__WHAT YOU ARE ASKED TO DO__
Write out again, unchanged, the line that has "#obomomaueovilao #bar #lisbonnight" and each following line through the end of the entries below; leave pictures out.

(Collection entries)

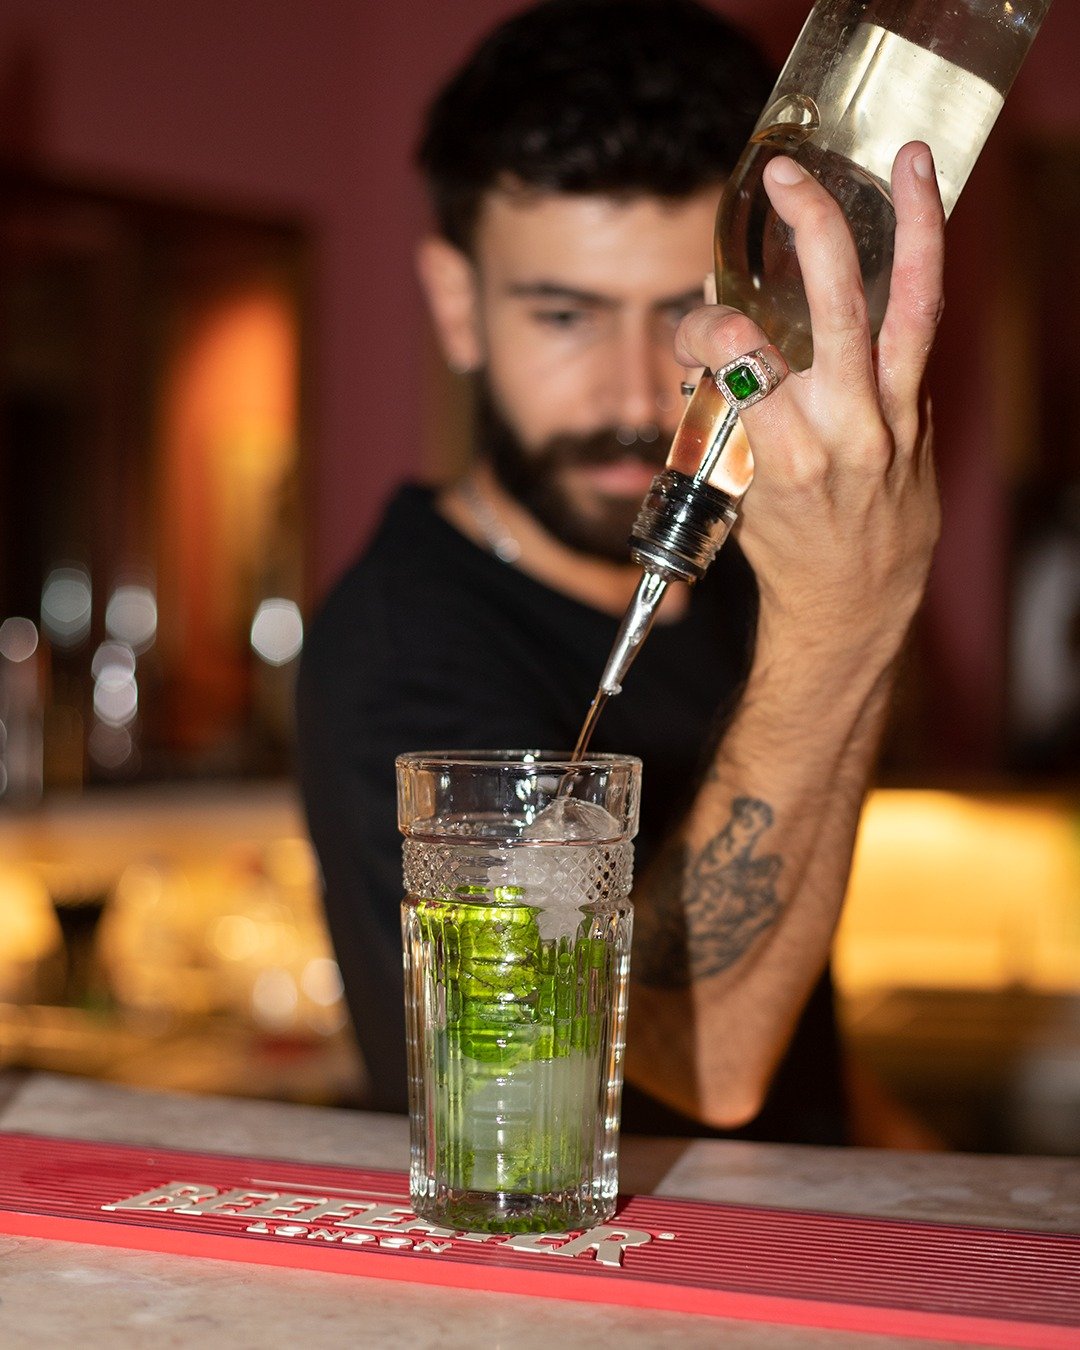 It's Friday and Saturday, with a dose of good and bad habits.
||
&Eacute; sexta e sab&aacute;do, com uma dose de bom e mau h&aacute;bito.

#obomomaueovilao #bar #lisbonnight #lisbon #happyhour #signaturecocktails #cocktails #CocktailsLisboa #LisboaDr
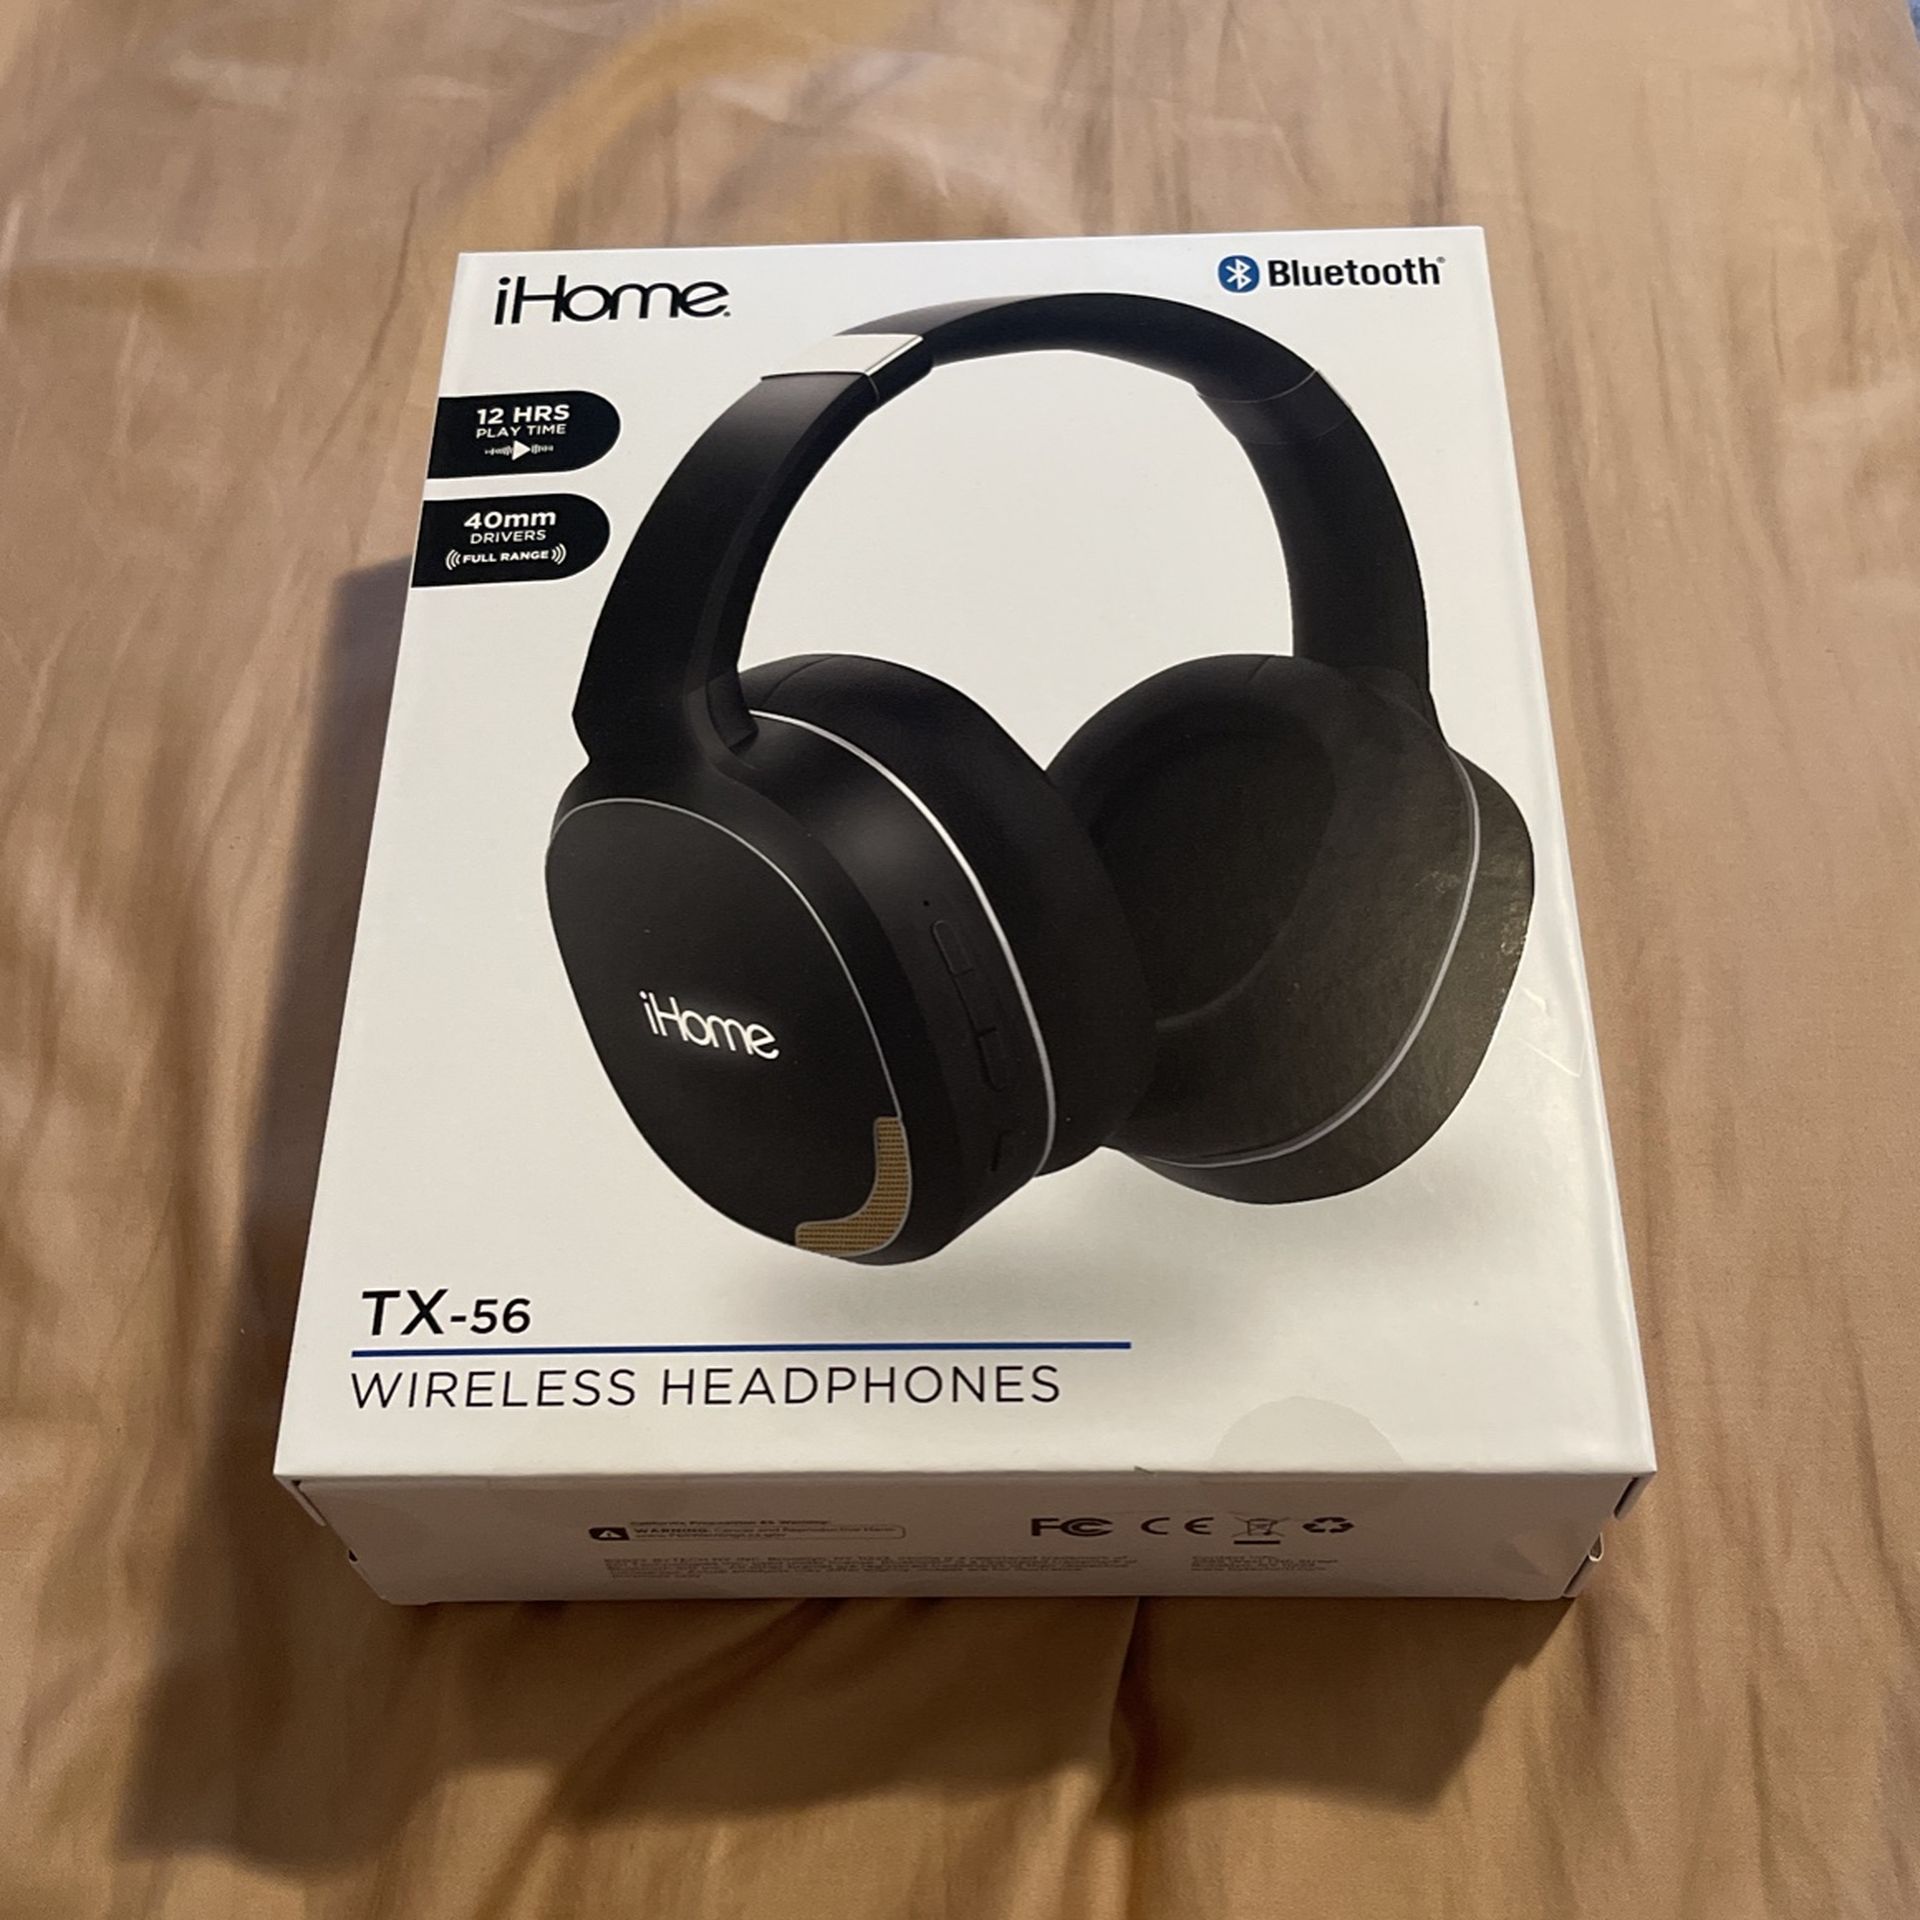 TX-56 Wireless Headphones

__RESULT FOR THIS TASK__
#obomomaueovilao #bar #lisbonnight #lisbon #happyhour #signaturecocktails #cocktails #CocktailsLisboa #LisboaDr
 TX-56 Wireless Headphones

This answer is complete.